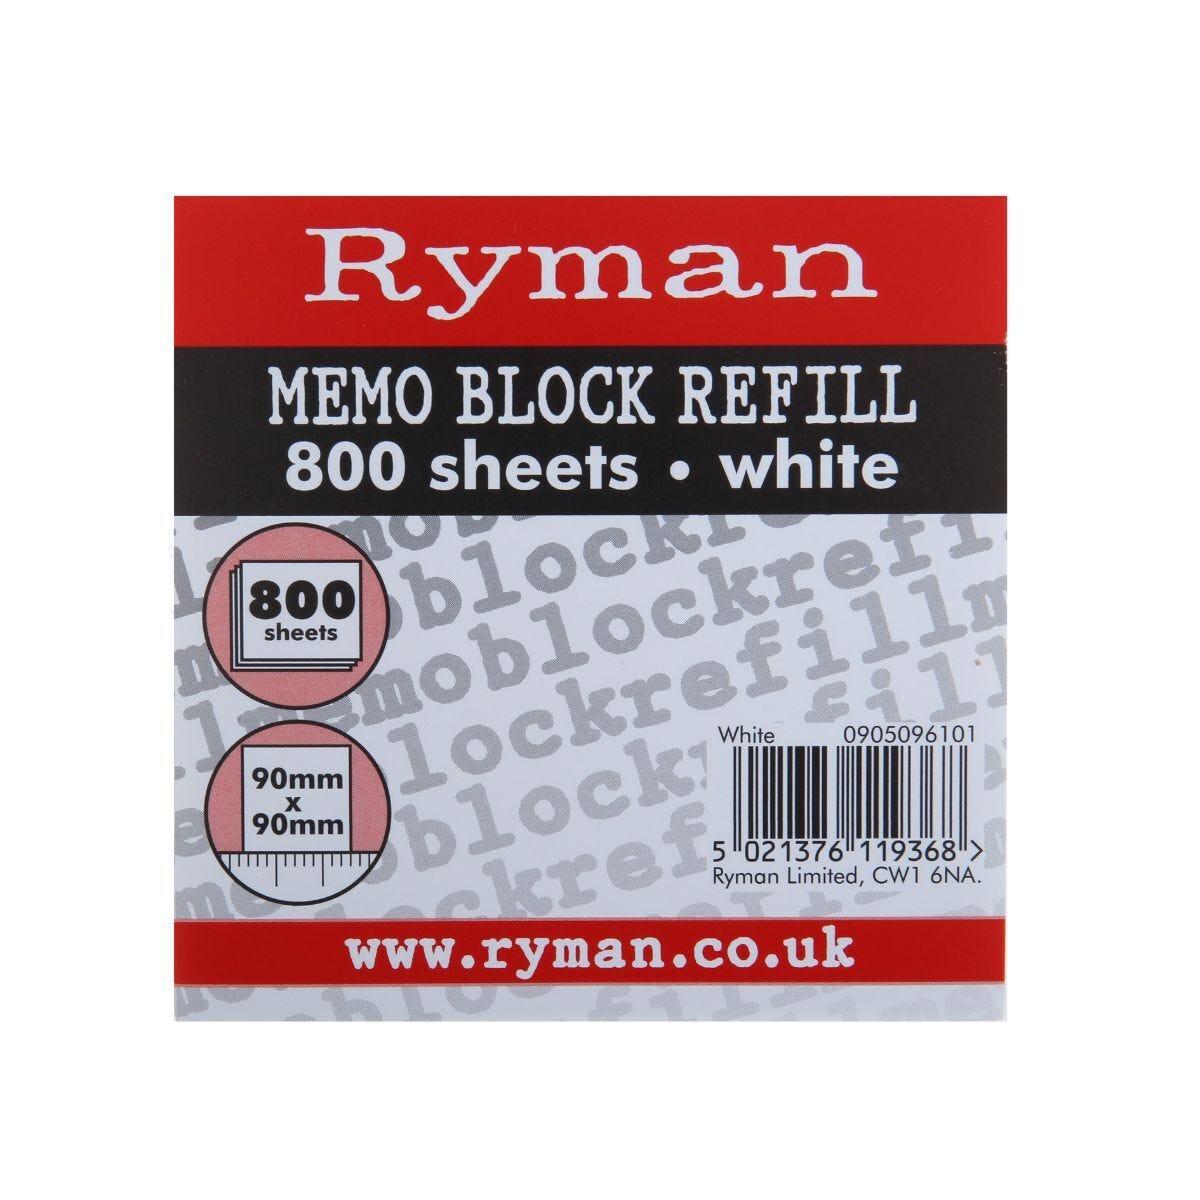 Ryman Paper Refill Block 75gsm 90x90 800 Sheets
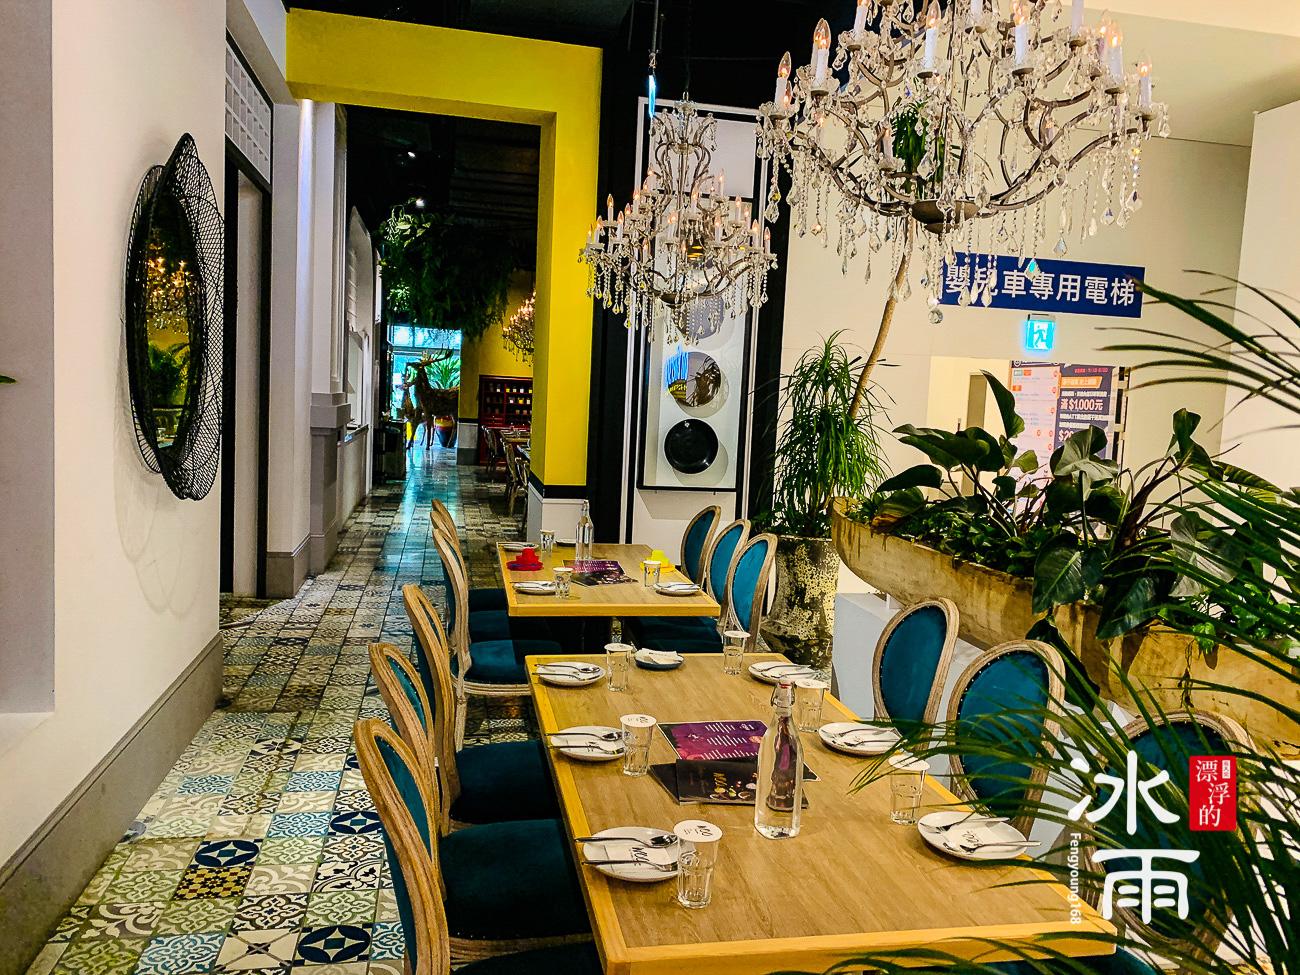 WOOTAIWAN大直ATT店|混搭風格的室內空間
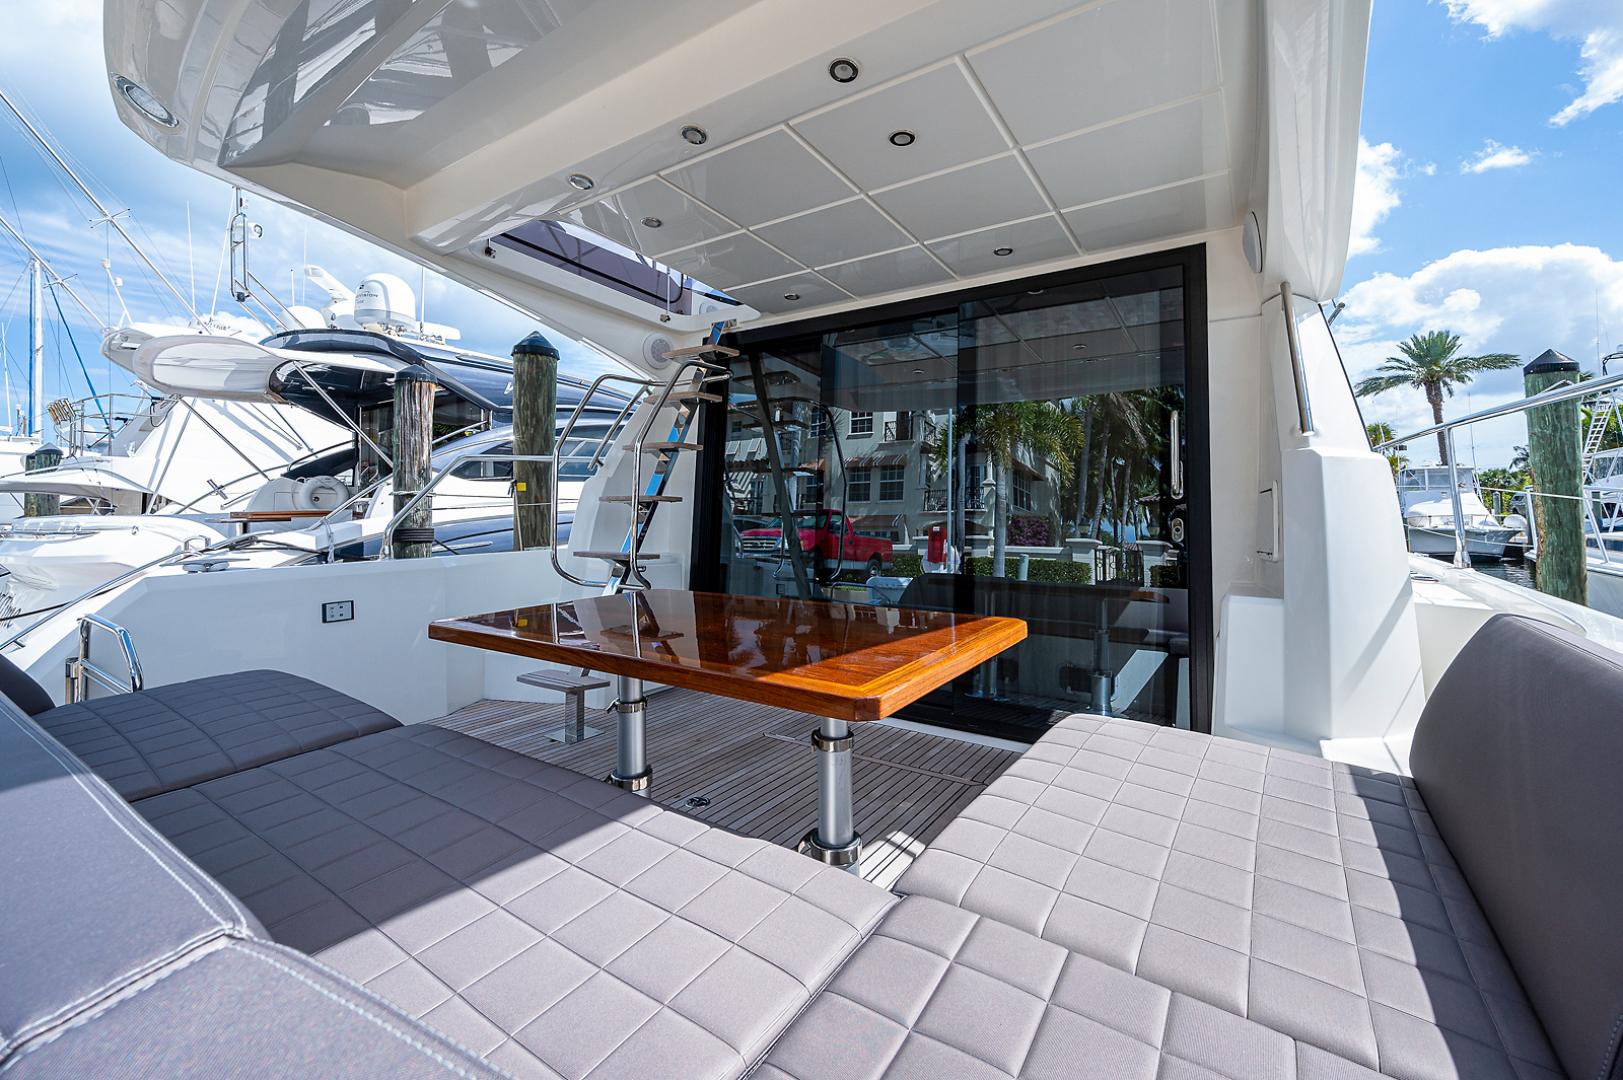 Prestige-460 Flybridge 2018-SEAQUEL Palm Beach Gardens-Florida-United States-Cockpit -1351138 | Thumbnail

* WHAT IS EXPECTED: Every line from the one containing "WOOTAIWAN大直ATT店|混搭風格的室內空間" through the last line of the data is to be retyped exactly, with nothing added and no pictures included.

* RESULT BELOW:
 WOOTAIWAN大直ATT店|混搭風格的室內空間
 Prestige-460 Flybridge 2018-SEAQUEL Palm Beach Gardens-Florida-United States-Cockpit -1351138 | Thumbnail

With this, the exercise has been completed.